Pancode is a small village in Ernakulam district of the state of Kerala in India. 
Pancode is just 16 km away from the prestigious Smart City Project and InfoPark, Kochi.

Neighbouring places of Pancode are

 Kadayiruppu – 2 km away
 Puthencruz – 3 km away
 Vadavucode – 2 km away
 Kolenchery – 3 km away
 Pattimattom – 3 km away
 Pallikkara – 7 km away
 Kizhakkambalam – 7 km away
 Perumbavoor – 16 km
 Moovattupuzha – 16 km
 Kakkanad – 16 km
 Tripunithura – 16 km

Government offices in Pancode are limited to an LP school, a post office, Milk Society, Cooperative Bank, veterinary hospital and a Maveli store. Subramnia Swamy Temple and Thiruvalukunnathu Temple, edassery kavu panchamoorty temple, Kalari sree durga temple are the four famous temples in Pancode. Iruppachira is the main junction of Pancode.

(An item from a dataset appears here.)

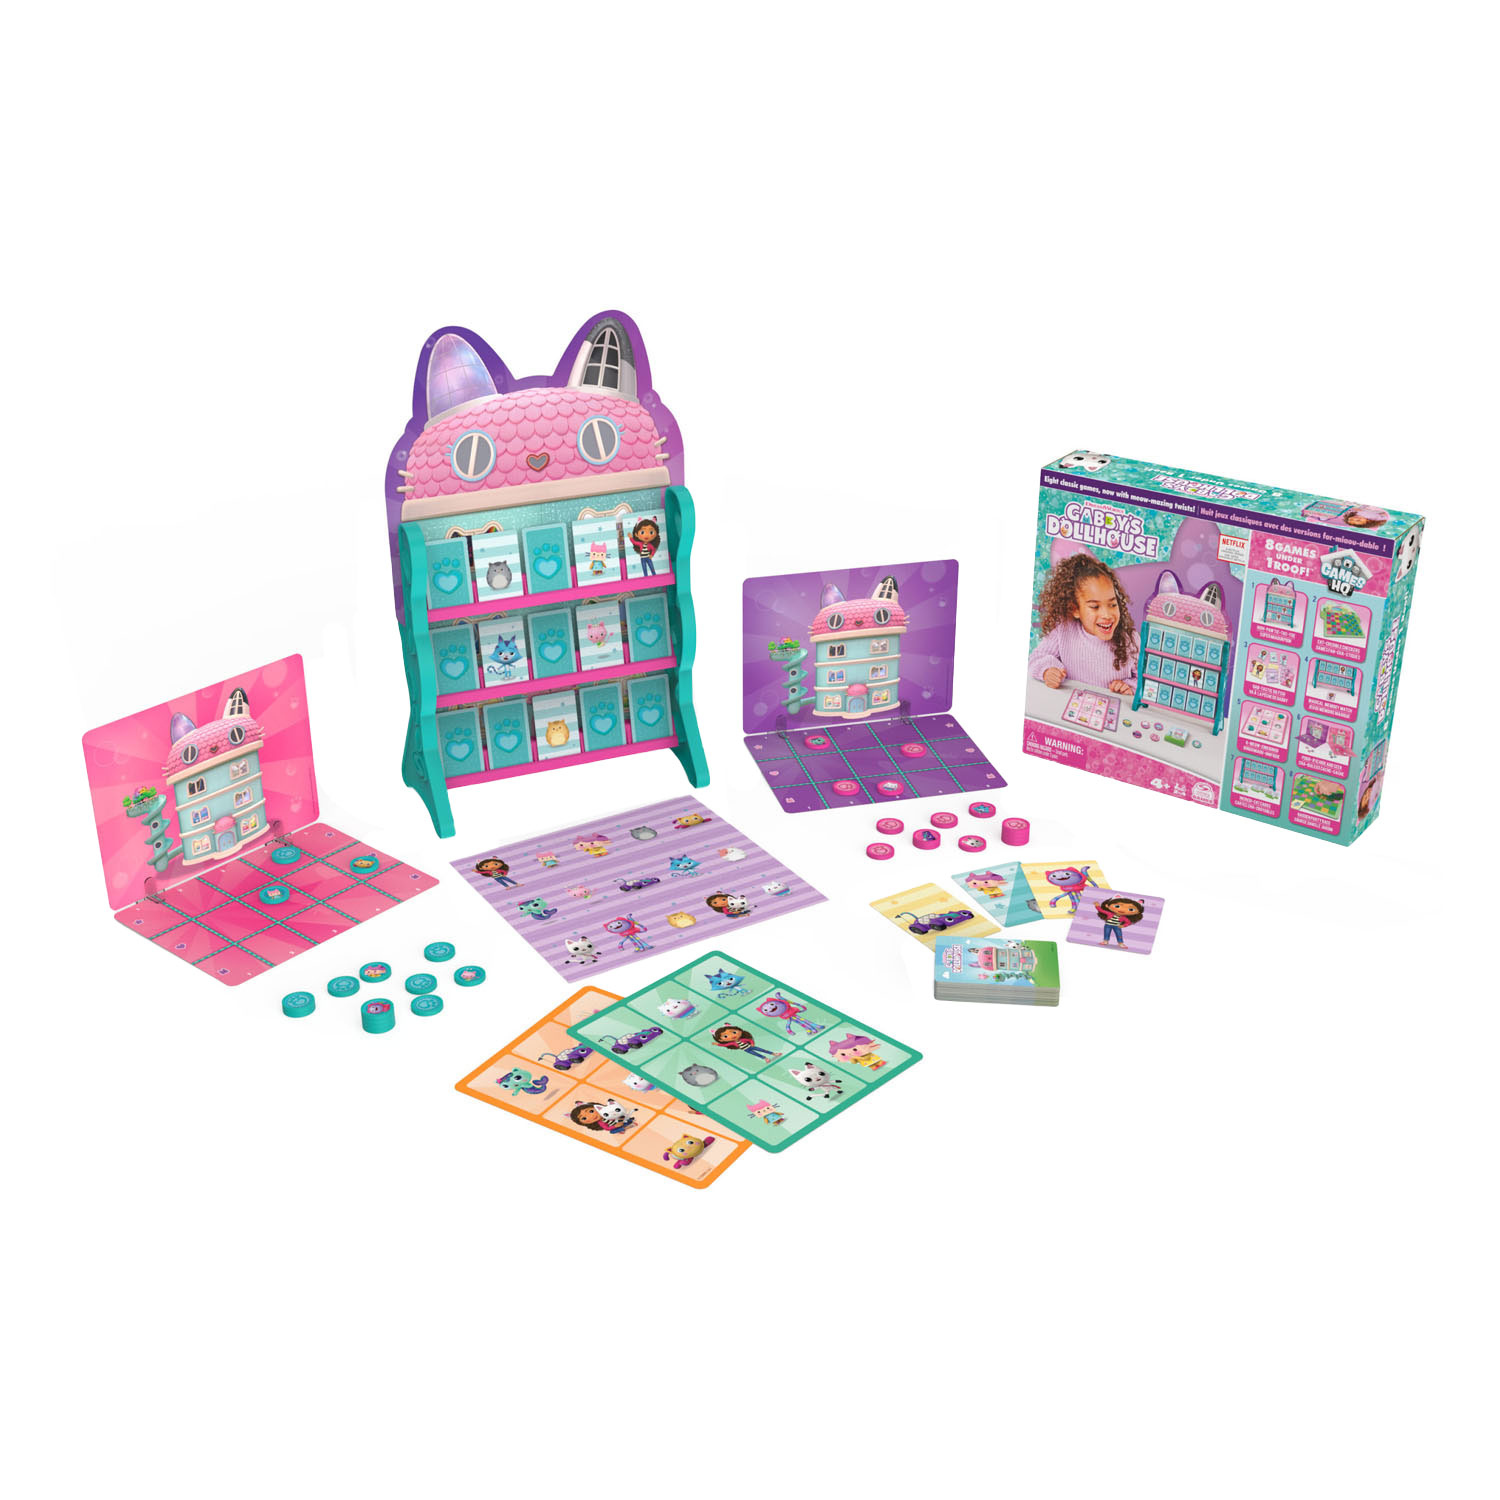 Gabby's Dollhouse – Spielpaket mit 8 Spielen

There is a private limited company named Sunlit Electro Controls. Herbal Isolates Private Limited, Symega Limited are other two major private institutions in the village.

Shashti Vritham in Pancode Subramanya Swami temple is famous. Makara Pooyam festival in Pancode temple is one of the spiritual attractions, and a lot of foreigners visit the village during the festive seasons. Village is adjacent to the Cochin Infopark.